Friday, December 12, 2008

Preparation for Reentry

When I came to India I tried to keep myself from daydreaming about my life in the States--I didn't want to crave one place while residing in another. I wanted to embrace fully Indian's "live-in-the-moment" way of life. And for the last seven months that meant living in India. So there I was on my last long bus ride, I was leaving for the States in less than four days. The girls in my group teased me that I would be so weird when I got home. And I knew they were right. I had tried in the last three weeks not to talk too much of home since the girls weren't leaving for another two weeks. I realized I wasn't quite ready to go home. So I thought to myself, "OK Liann you have got start thinking about going home. You don't want to be too weird on reentry."

Thoughts I had previously forced out of my head were now welcomed in with all their vividness. Images of my parents' three-story home, large dinners of Thanksgivings past, warm showers, my overly abundant wardrobe, and my little gray Sentra came and went as I watched the lush green plants of India pass by. More vivid images rushed in: my brothers and sisters, my nieces and nephews, my friends--all dressed in nice, clean clothes, some with expensive cell phones and new cars. I pictured conversations I'd have with my family, trying to summarize my "foreign" experiences trying to understand what they found important in the last seven months of their lives.

My thoughts were interrupted as the bus came to a stop. The trees gave way to a dusty bus stop. About 10 men dressed in lungis and thread bare button-up shirts swarmed the bus. Each carried a basket full of some fruits or vegetables to sell; most carried cut up cucumbers. Each man rushed to a different window yelling to the passengers inside, sometimes even pushing the bag into the window forcing the vegetables on unsuspecting persons.

Instead of the feeling annoyed like I usually do when I get bombarded with aggressive salesmen, I saw these men for what they were: people, men, most likely husbands and fathers with more than their own mouth to feed. Questions came to mind. How many bags of 10 rupee cucumbers a man must sell in a day to provide for his family? What happens if he doesn't sell all the bags? Is he able to store and sell them again tomorrow? All I know is these men were fighting in this small town bus stand to sell what they had.

I normally don't get emotional about these kinds of scenes in India--they happen regularly.
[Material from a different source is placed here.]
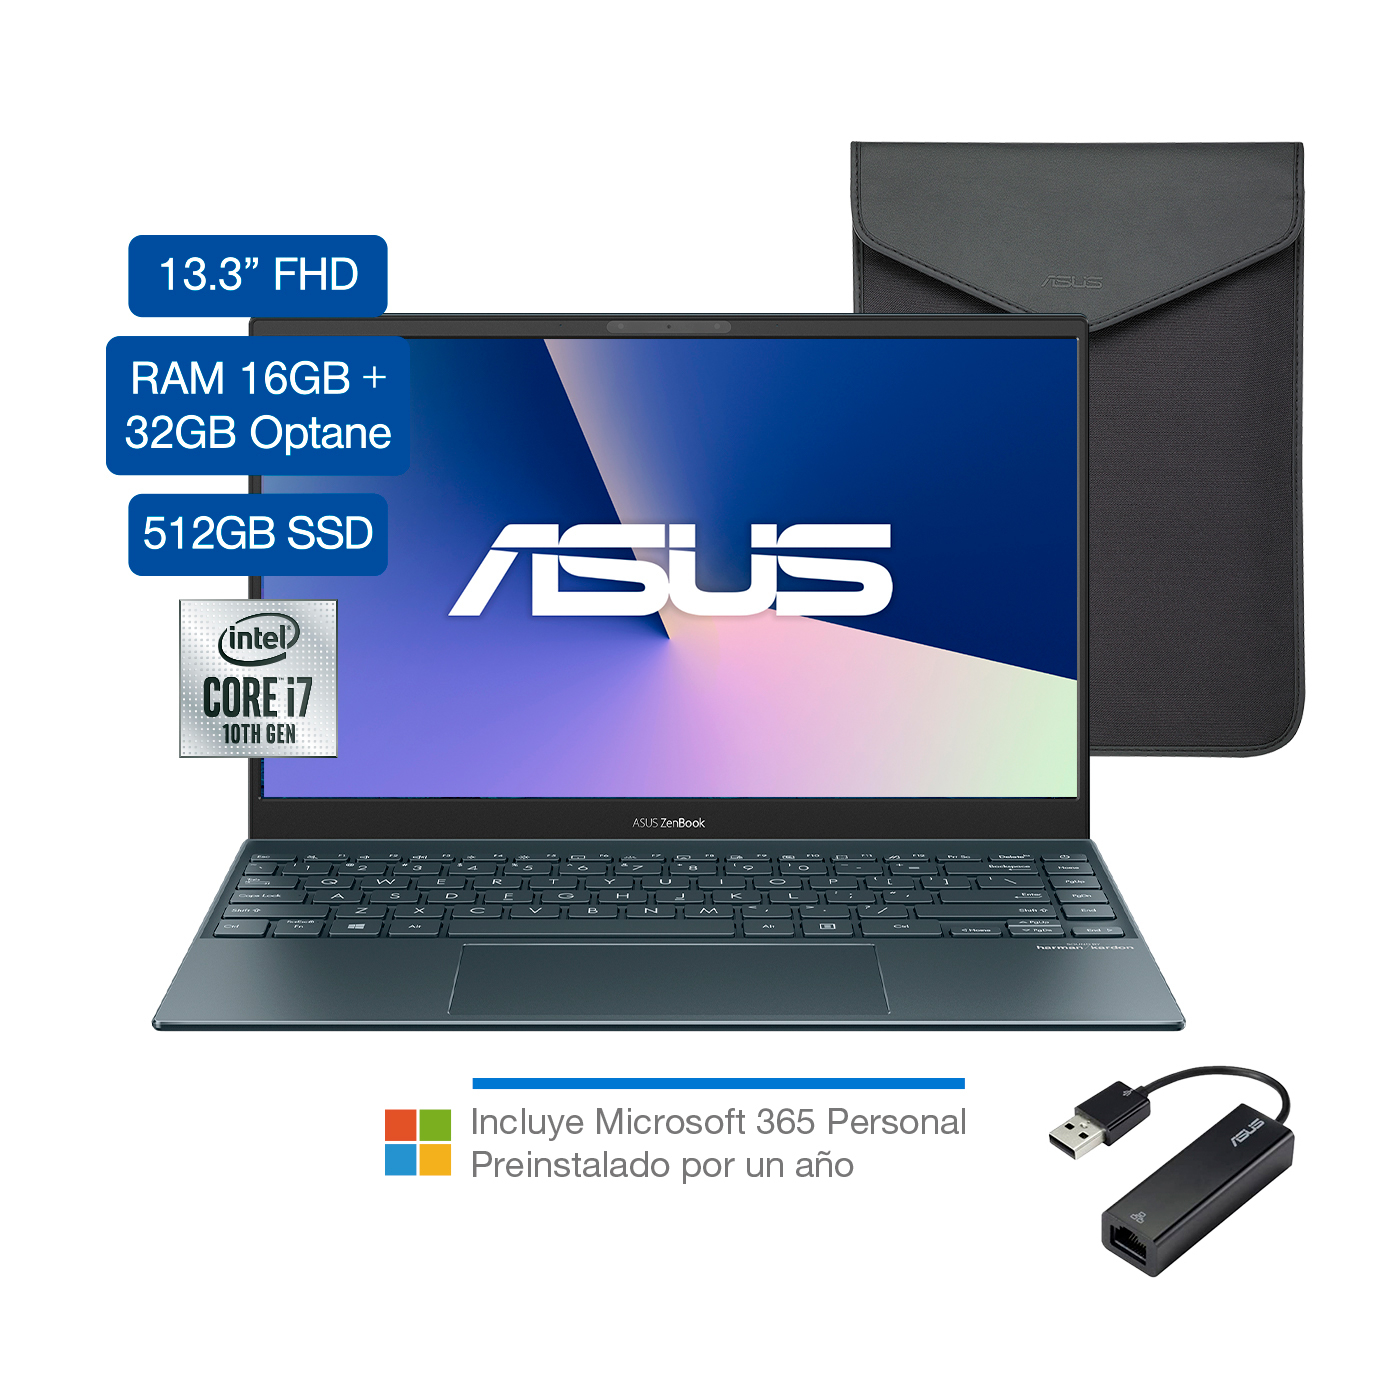 Computador Portátil ASUS ZenBook 13,3" Pulgadas UX325JA Intel Core i7 RAM 16GB + 32GB Intel Optane Disco SSD 512 GB - Gris

It's just the way of life here--poor people beg every day. Especially after living the life of a villager for so many months (carrying my own water, eating at humble roadside stalls, experiencing the regular power outages) it didn't feel needful to mourn their lifestyle. However, that day the gap between my own life in America and the lives of these men felt so wide. I fought back tears. I had seen so much poverty in the last seven months but not yet mourned it and I wasn't ready to cry over it all here on this crowded hot bus.

I remember talking with a European woman while I was in Thailand who had visited India. She described passing begging children on the street her first day in Delhi. She took them to an ice cream stall and bought each one of them ice cream then went to her hotel and cried and cried over the poverty she had seen. As I listened to her story I felt myself do a mental shrug. "What an overreaction" I thought. Then worry filled me! "Has living in India so long really made my heart so callous?"

I don't know the answer to that. I do know what I felt that day on the bus. I also know I don't feel compelled to dedicate my life to international development. I've seen a little more of the world than some and understand the magnitude of the things I own, but also the burden they bring at times. I'm very privileged materially, but also didn't see much of my father while growing up. So here I am, in America wondering how I'll ever put all these beautiful, painful, and sometimes strange life experiences in some sort of perspective. It's all just piecemeal, no simple and beautiful conclusion--kind of like how they are presented on this blog, one random story after another. That's life I guess. And if struggling with that makes me a little "weird" on reentry...well so be it.

1 comment:

Shankar said...

There is no such place as Utopia. Every place has its drawbacks. Blessed are they who can see the good in each place, be wary of the dangers, and able to let go of the things that don't matter that much in the grand scheme of things.